Generalities for photoautotrophy
Gross photosynthesis is related to net oxygen evolution and organic carbon production through the partitioning of photosynthate among diverse metabolic pathways. The results presented here indicate that this partitioning can be highly conserved between phytoplankton taxonomic groups and independent of the steady-state growth rate. Additional studies are required to generalize our findings to other phytoplankton groups and nutrient conditions. For example, cyanobacteria (Kunath et al., 2012) or highly motile picoeukaryotic species (Goulbourne & Greenberg, 1980; Raven & Richardson, 1984; Kaneda & Furuya, 1986) may have sufficiently different ATP : reductant requirements to significantly alter GPO2 : GPC : NPC ratios from those reported here. Furthermore, growth under high macronutrient levels and limiting iron supply appears to result in over-expressed photosynthetic pigments and lower absorption-normalized photosynthetic efficiencies relative to macronutrient-limited growth (Schrader et al., 2011). Nevertheless, the similarities in photosynthate partitioning and absorption-normalized photosynthetic efficiencies observed during our study suggest that a common optimization solution for photoautotrophic growth has evolved for at least two evolutionarily distinct phytoplankton species. Deeper evaluation of this energetic optimization is clearly warranted.
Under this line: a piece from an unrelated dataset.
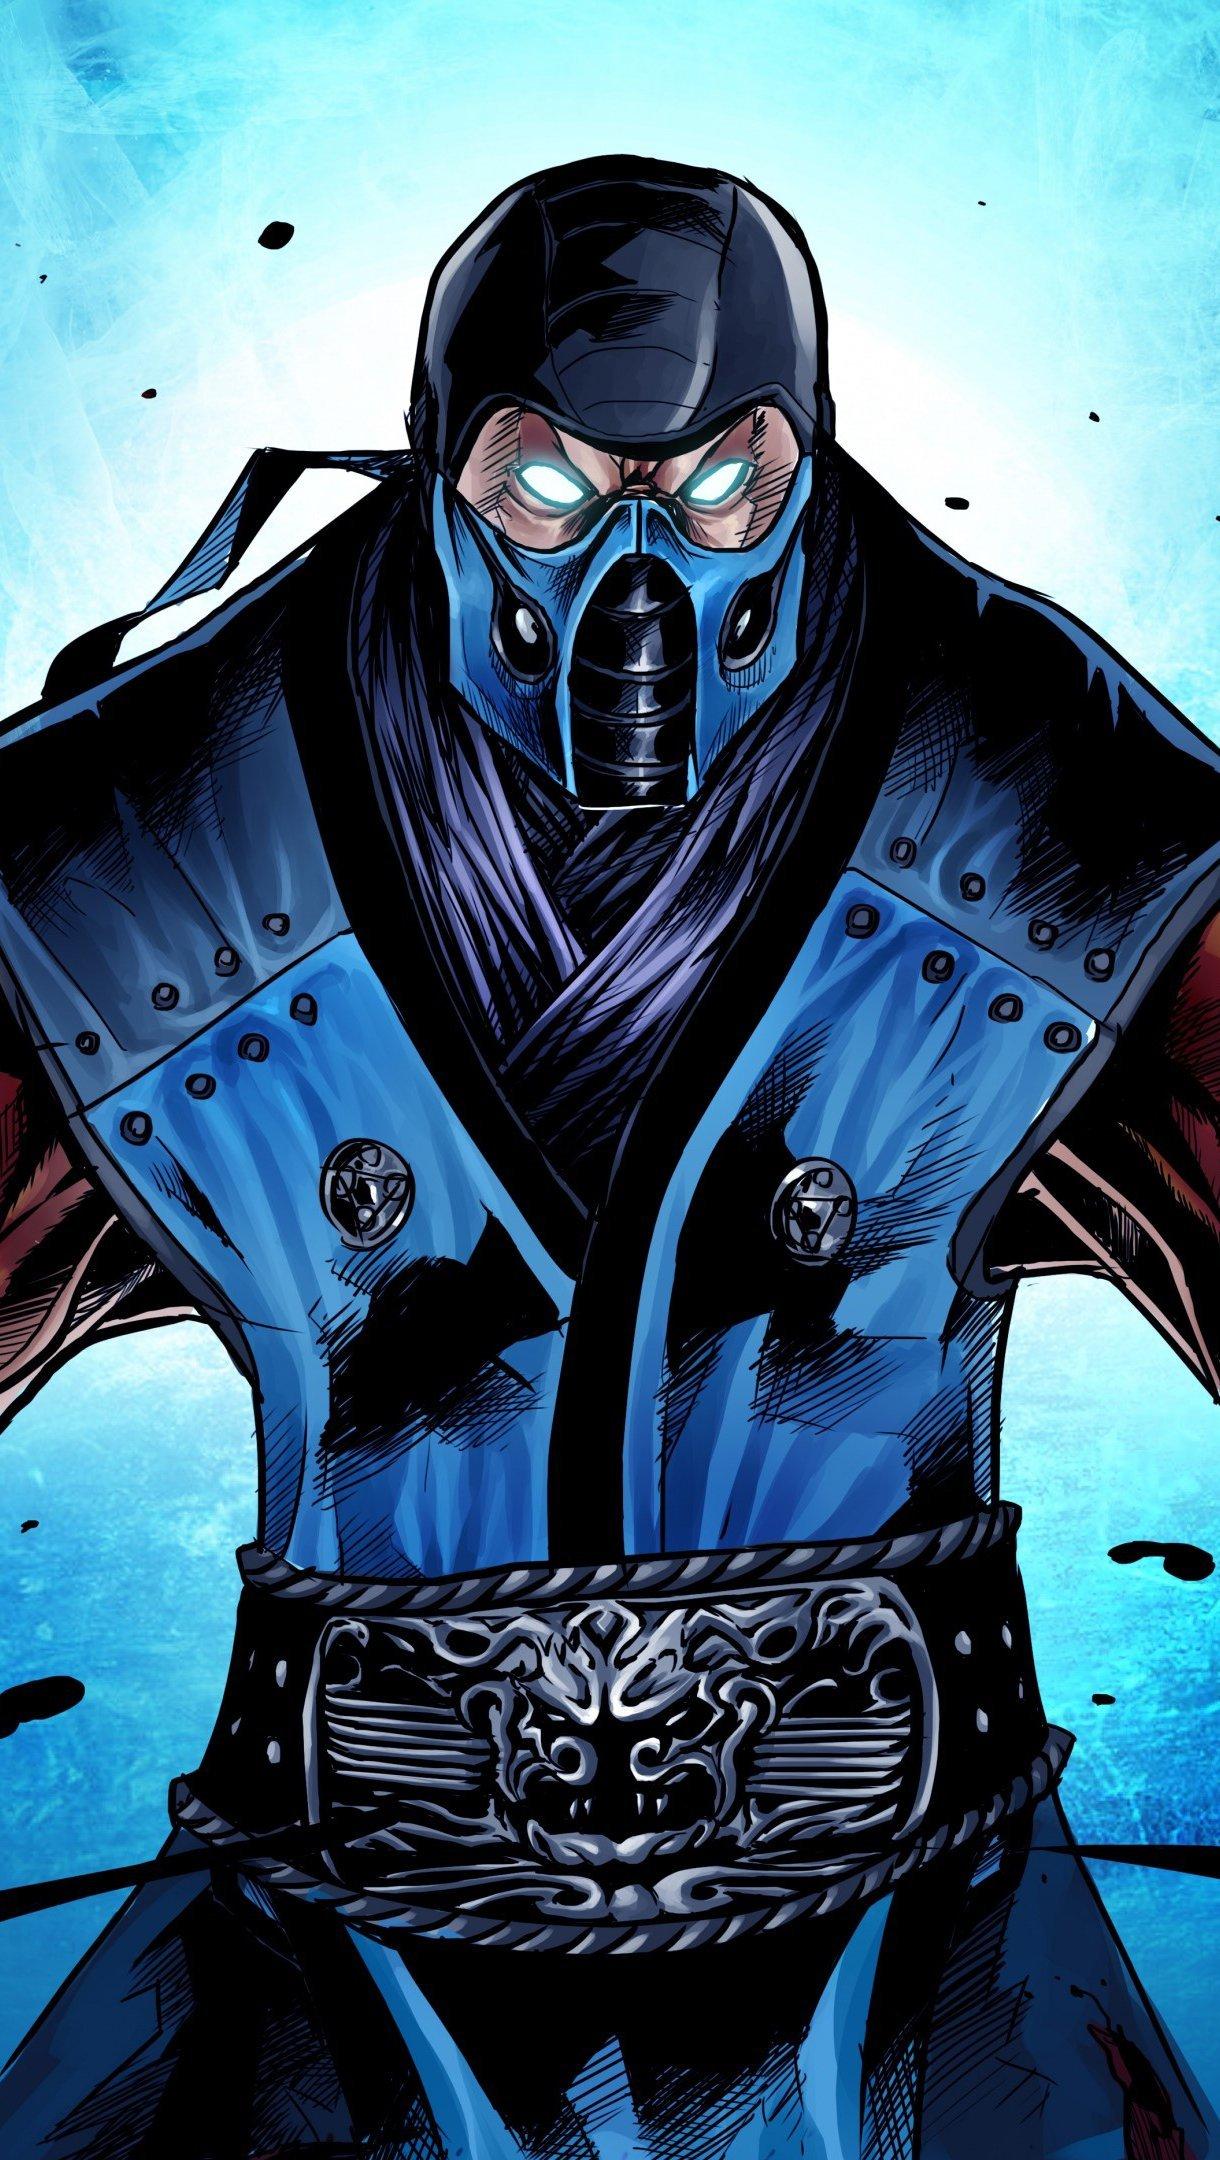 Wallpaper Ninja from the game Mortal Kombat Vertical

For both D. tertiolecta and T. weissflogii, we show that the measured 14C uptake rates register gross carbon fixation only during very short incubations (minute time scale) and then approach net carbon fixation with increasing incubation duration. Short-term (c. 30 min to 2 h) field measurements of photosynthesis–irradiance relationships are commonly used to parameterize global satellite-based models of ocean production. Our results indicate that the correct interpretation of these data requires consideration of the incubation duration and a knowledge of the population growth rates. Conversely, it may be possible to infer information about phytoplankton growth rates in the field by conducting 14C uptake measurements over a range of incubation times. Our results also indicate that growth rate-dependent differences in transient carbon lifetimes are linked to cell cycle-related changes in photosynthate storage and mobilization, thus contributing new insight towards a systems-level understanding of cellular carbon flow.